• [WHAT NEEDS TO BE DONE]
From the line with "Venezuela - pencil" down to the final line of the material, please transcribe everything exactly, but leave the pictures out.

• [GIVEN MATERIAL]
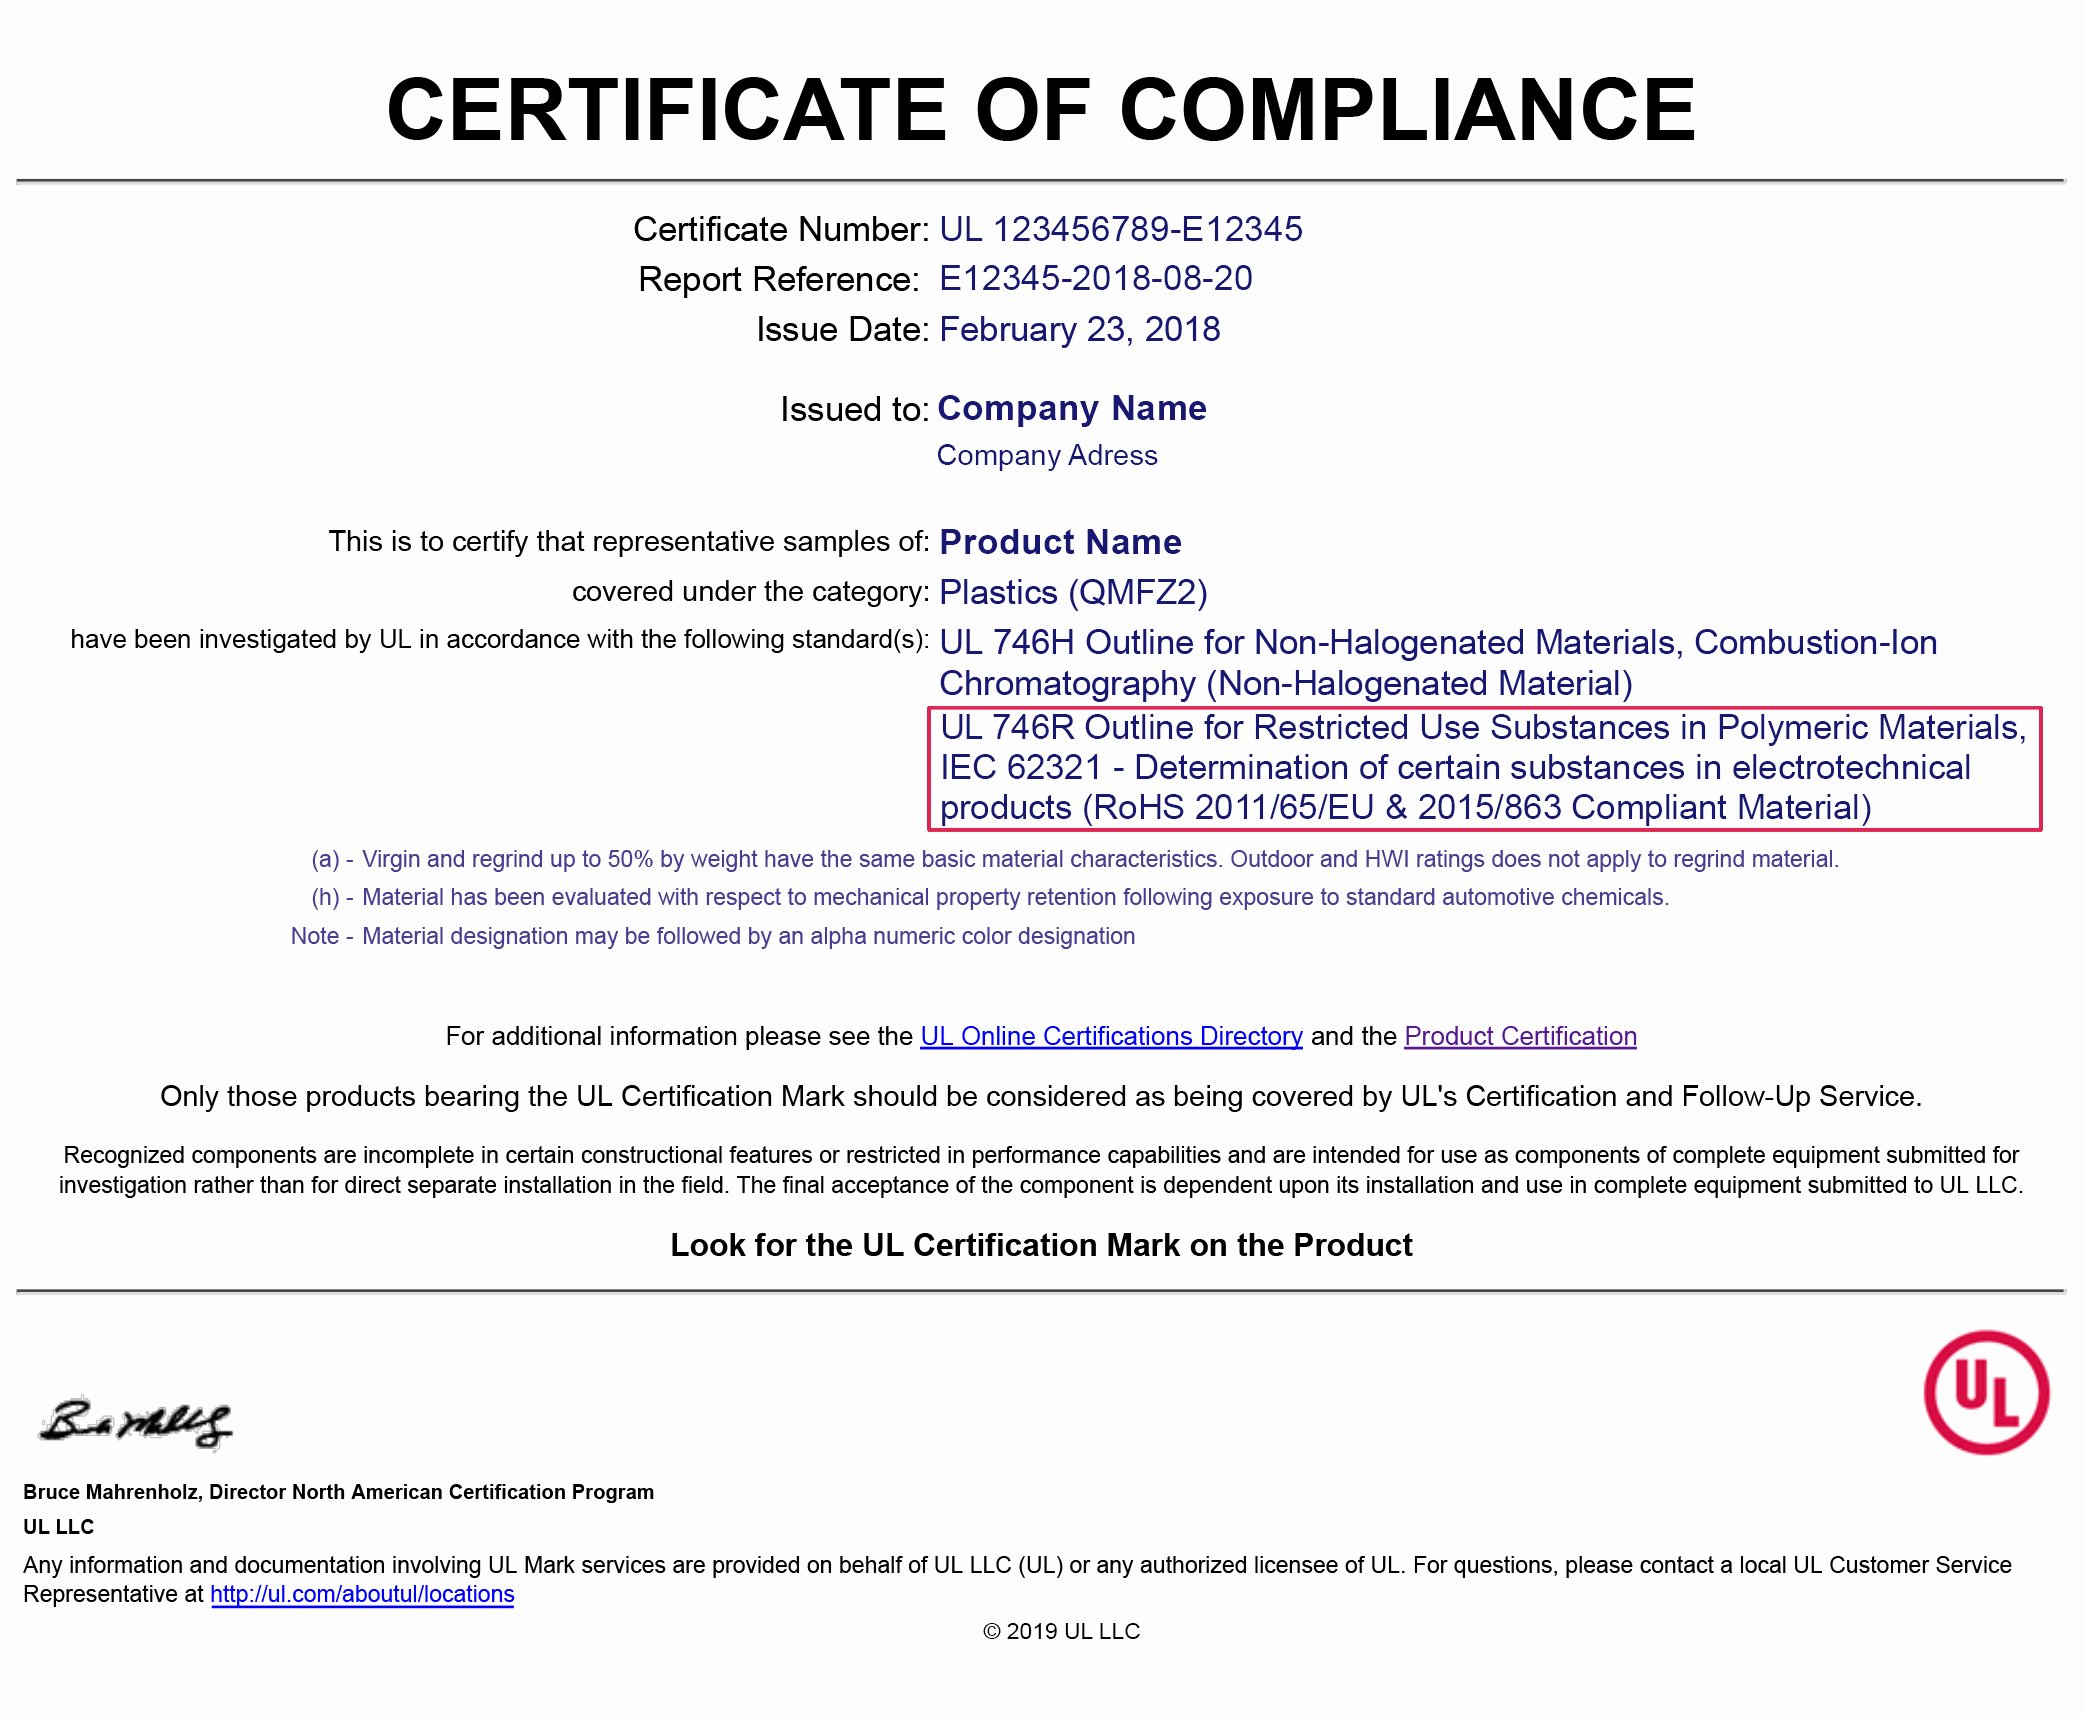 Rohs 2 Certificate Of Compliance Template Fresh are You Ready for the New Rohs Substance Phase In
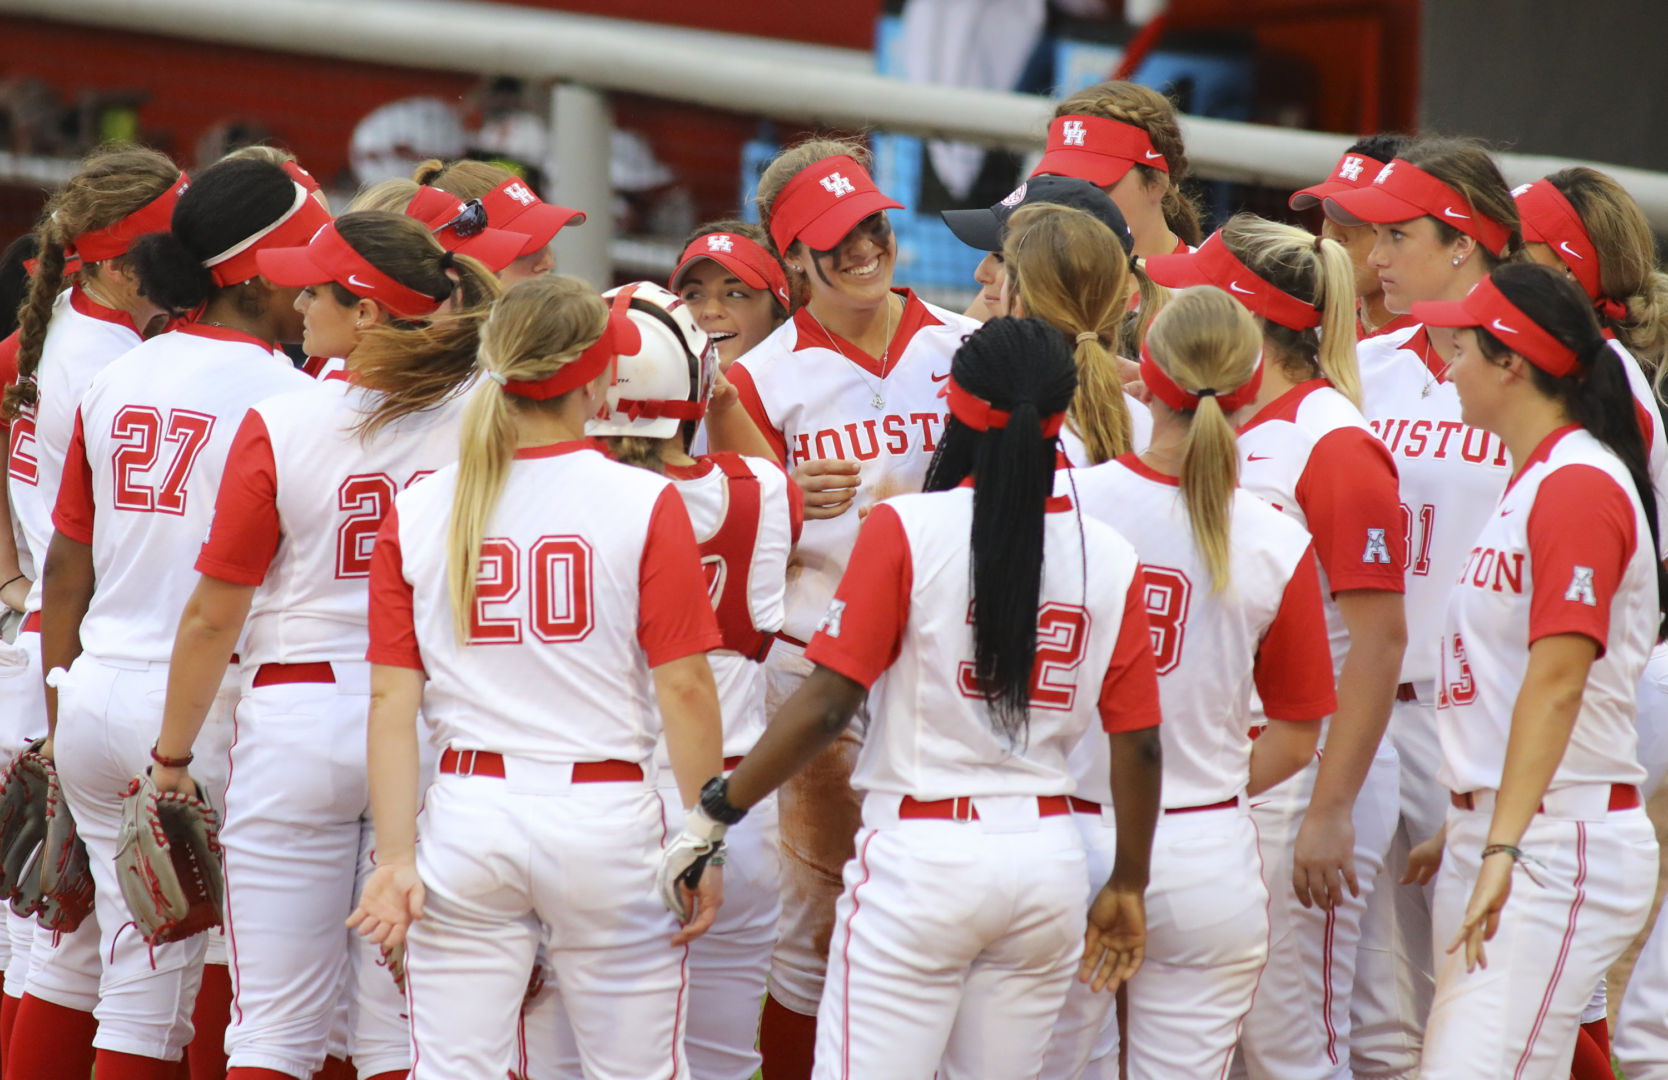 The UH softball team played against Sam Houston State in a doubleheader on Wednesday. | File photo
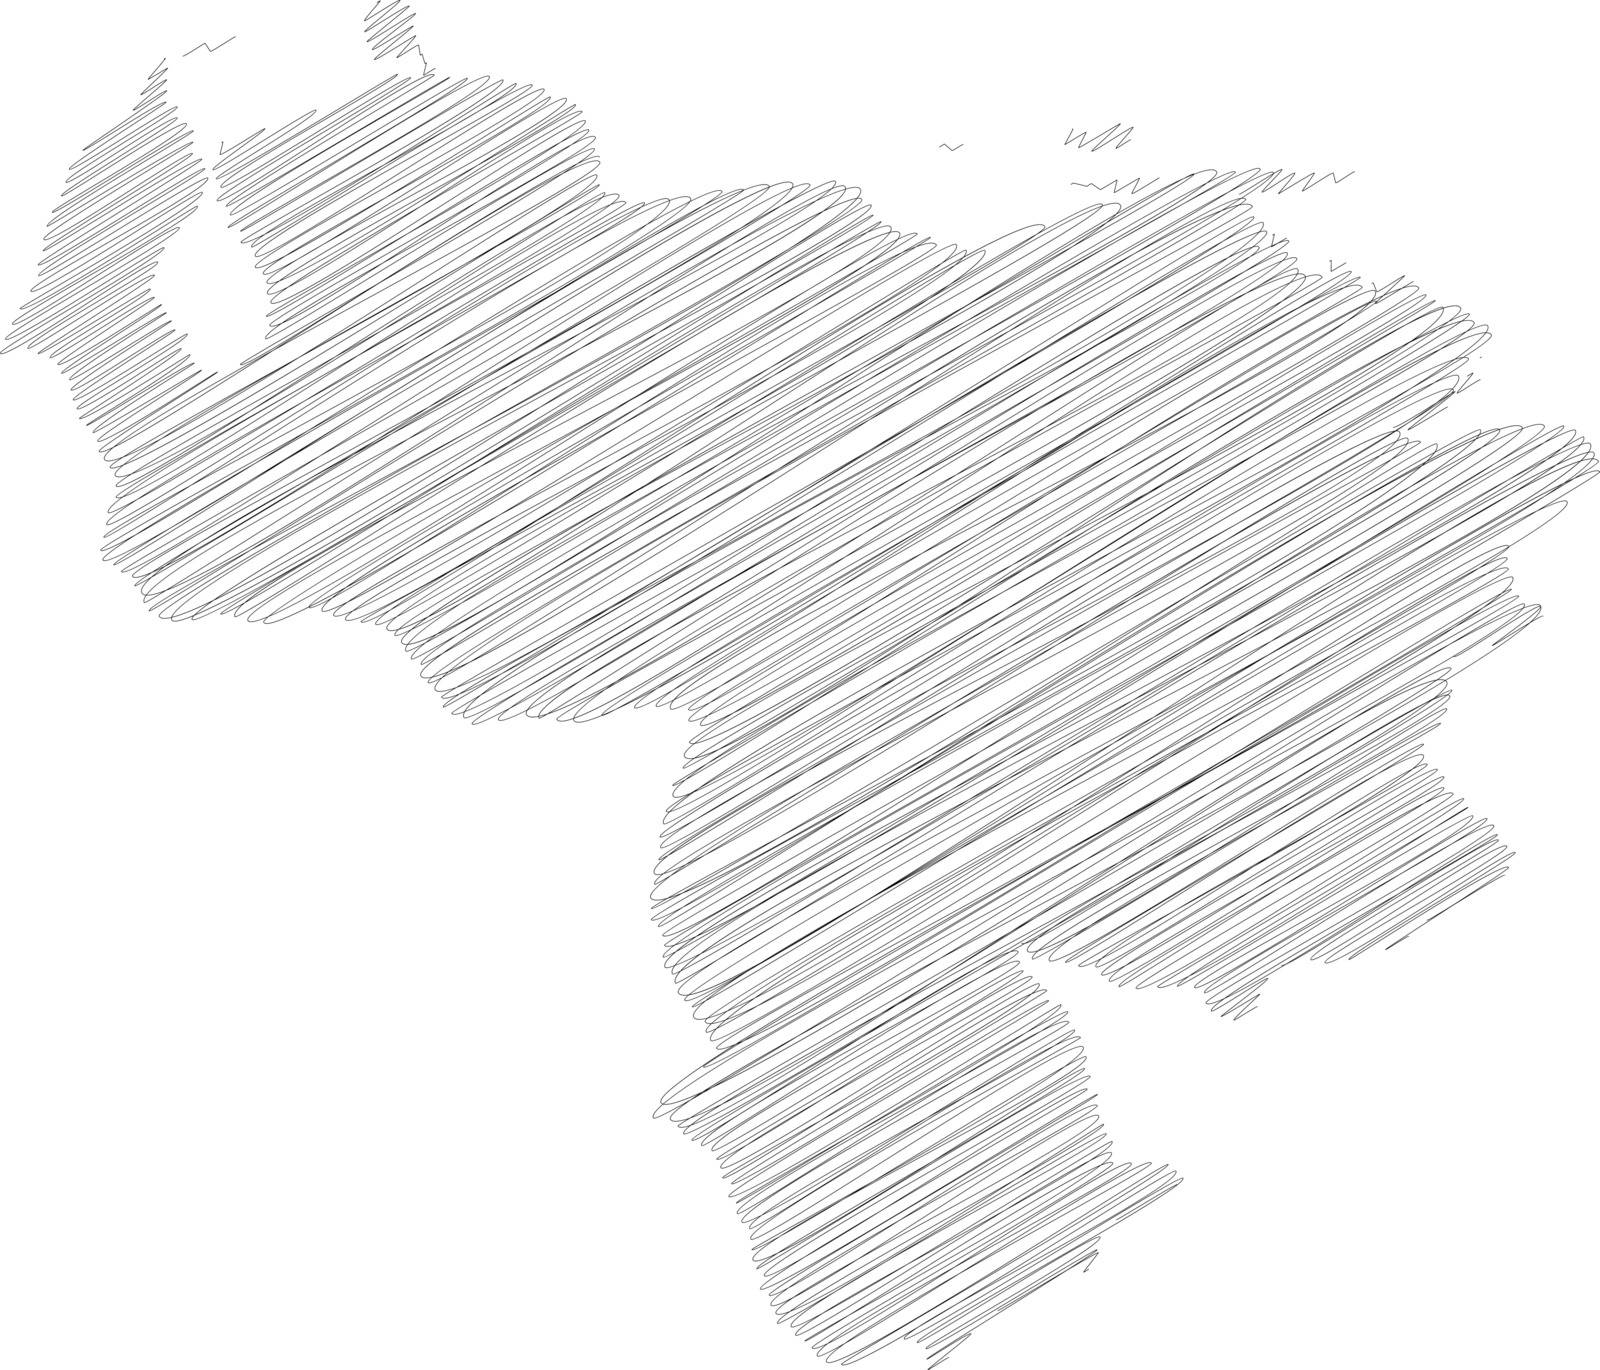 Venezuela - pencil scribble sketch silhouette map of country area with dropped shadow. Simple flat vector illustration.
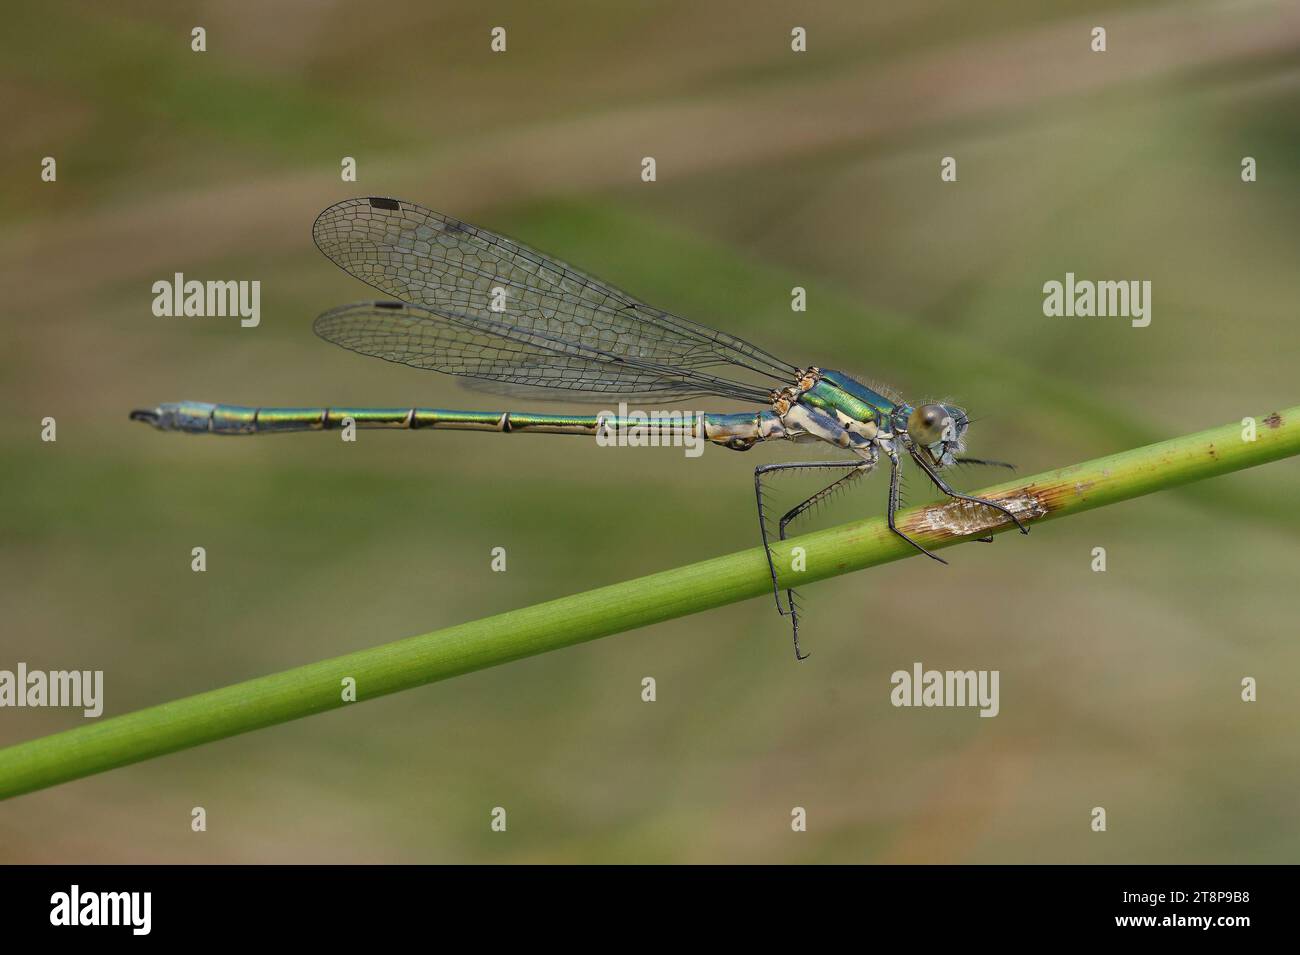 Natural closeup of a Emerald Spreadwing damselfly, Lestes dryas, perched against green blurred background Stock Photo

• [FINAL ANSWER]
 Venezuela - pencil scribble sketch silhouette map of country area with dropped shadow. Simple flat vector illustration.
 Natural closeup of a Emerald Spreadwing damselfly, Lestes dryas, perched against green blurred background Stock Photo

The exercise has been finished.